La Voix de l'Est a tenté d'obtenir des commentaires de certains employés, mais ceux-ci, même sous le couvert de l'anonymat, ont refusé de s'exprimer, de peur de représailles. Ils auraient d'ailleurs été formellement avertis de ne pas parler aux médias et que des enquêtes internes seraient faites pour retracer les sources si des informations venaient à être diffusées.

Vives inquiétudes chez IBM

Le moral est loin d'être à son meilleur à l'usine d'IBM à Bromont. Plusieurs médias étrangers ont récemment rapporté qu'une importante vague de coupures était à prévoir. Le chiffre de 13 000 postes à l'échelle mondiale a été avancé à plusieurs reprises.
Et localement, les rumeurs qui circulent présentement font état de coupures touchant quelque 200 postes à Bromont. Apparemment baptisé le Projet Apollo, ce «rééquilibrage des effectifs» devait officiellement être mis en branle hier, selon ce qu'a rapporté le site internet Business Insider. Mais déjà, à la mi-février, le même média rapportait que 1200 postes avaient été supprimés au sein de l'entreprise en Europe et en Inde. Avec de telles annonces, les craintes des employés de Bromont sont plus que compréhensibles.
On se souviendra aussi que La Presse a rapporté au début du mois qu'IBM étudiait la possibilité de se départir de sa division spécialisée dans les semiconducteurs, une décision qui pourrait toucher directement l'usine de Bromont qui transforme justement des semiconducteurs.
La Voix de l'Est a tenté, hier, d'obtenir davantage d'informations au sujet de l'avenir de l'usine bromontoise et de ses employés, en questionnant la porte-parole de l'entreprise, Joanne Fortin. Pour toute réponse, celle-ci a fait parvenir par courriel à La Voix de l'Est ce qu'elle a qualifié de «position officielle» de l'entreprise. 

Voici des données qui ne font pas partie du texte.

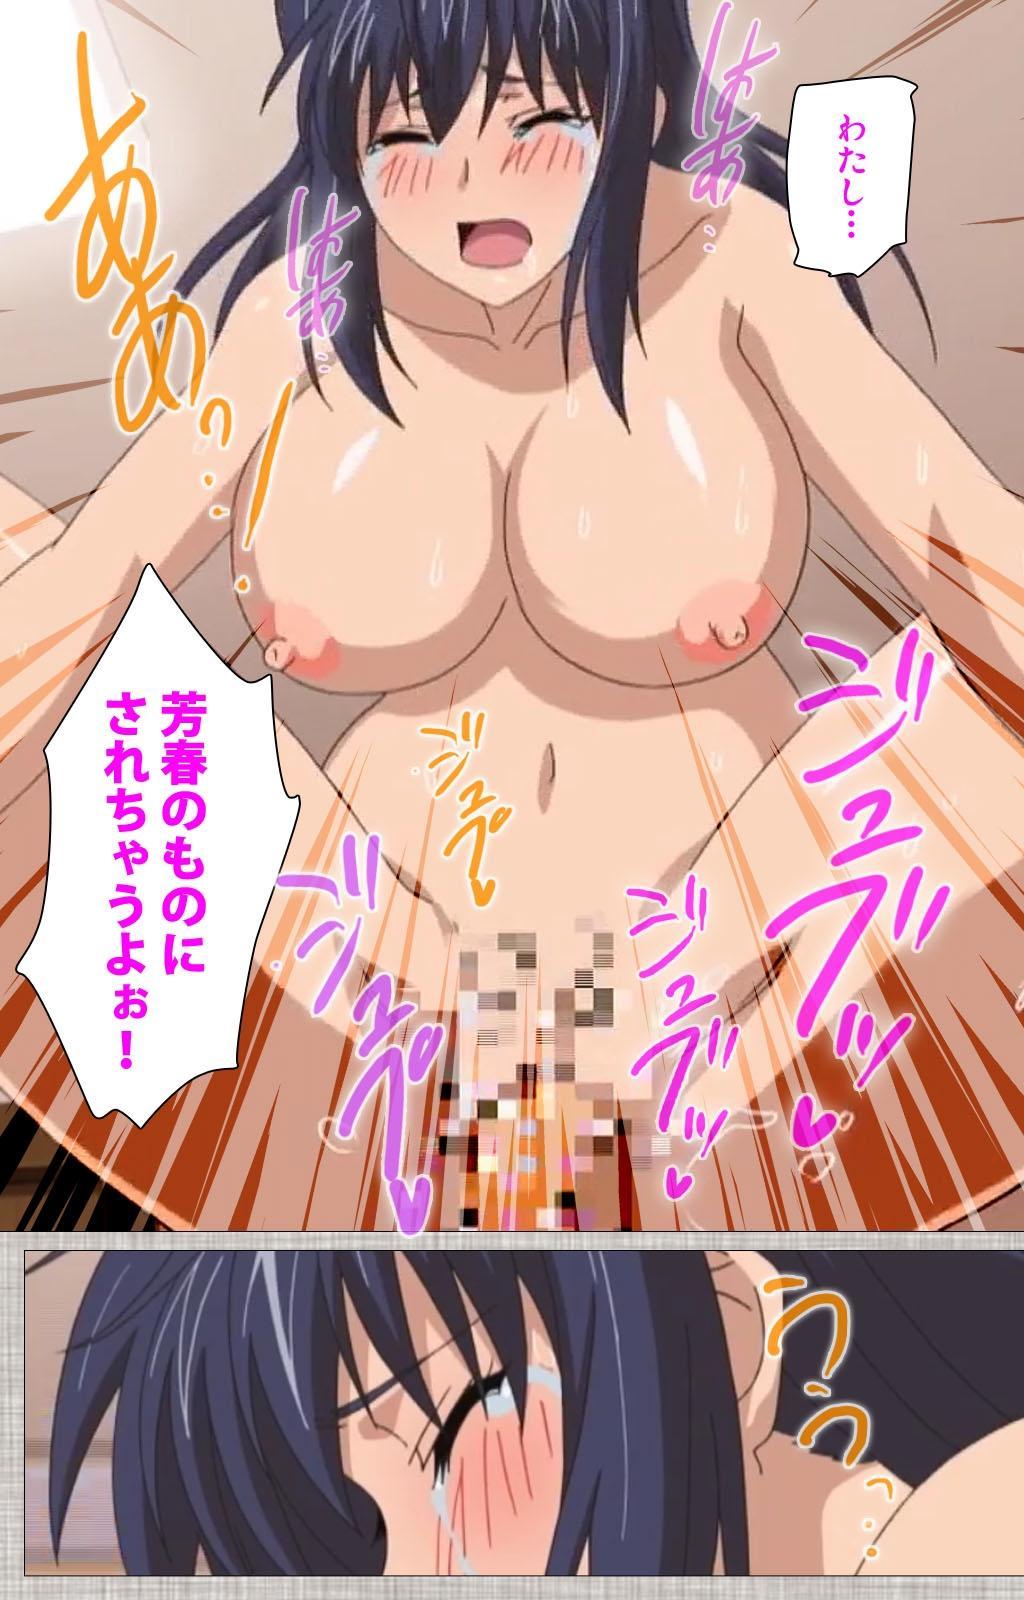 Ane-Koi #1 Complete Ban 110

«Comme nous l'avons indiqué au cours de nos déclarations récentes sur nos résultats, IBM continue à rééquilibrer son effectif pour répondre aux besoins changeants de ses clients et à innover dans de nouveaux segments à valeur élevée de l'industrie informatique a-t-elle écrit. IBM se positionne donc comme leader dans des domaines tels que le nuage, l'analytique et l'informatique cognitive et investit dans ces secteurs prioritaires.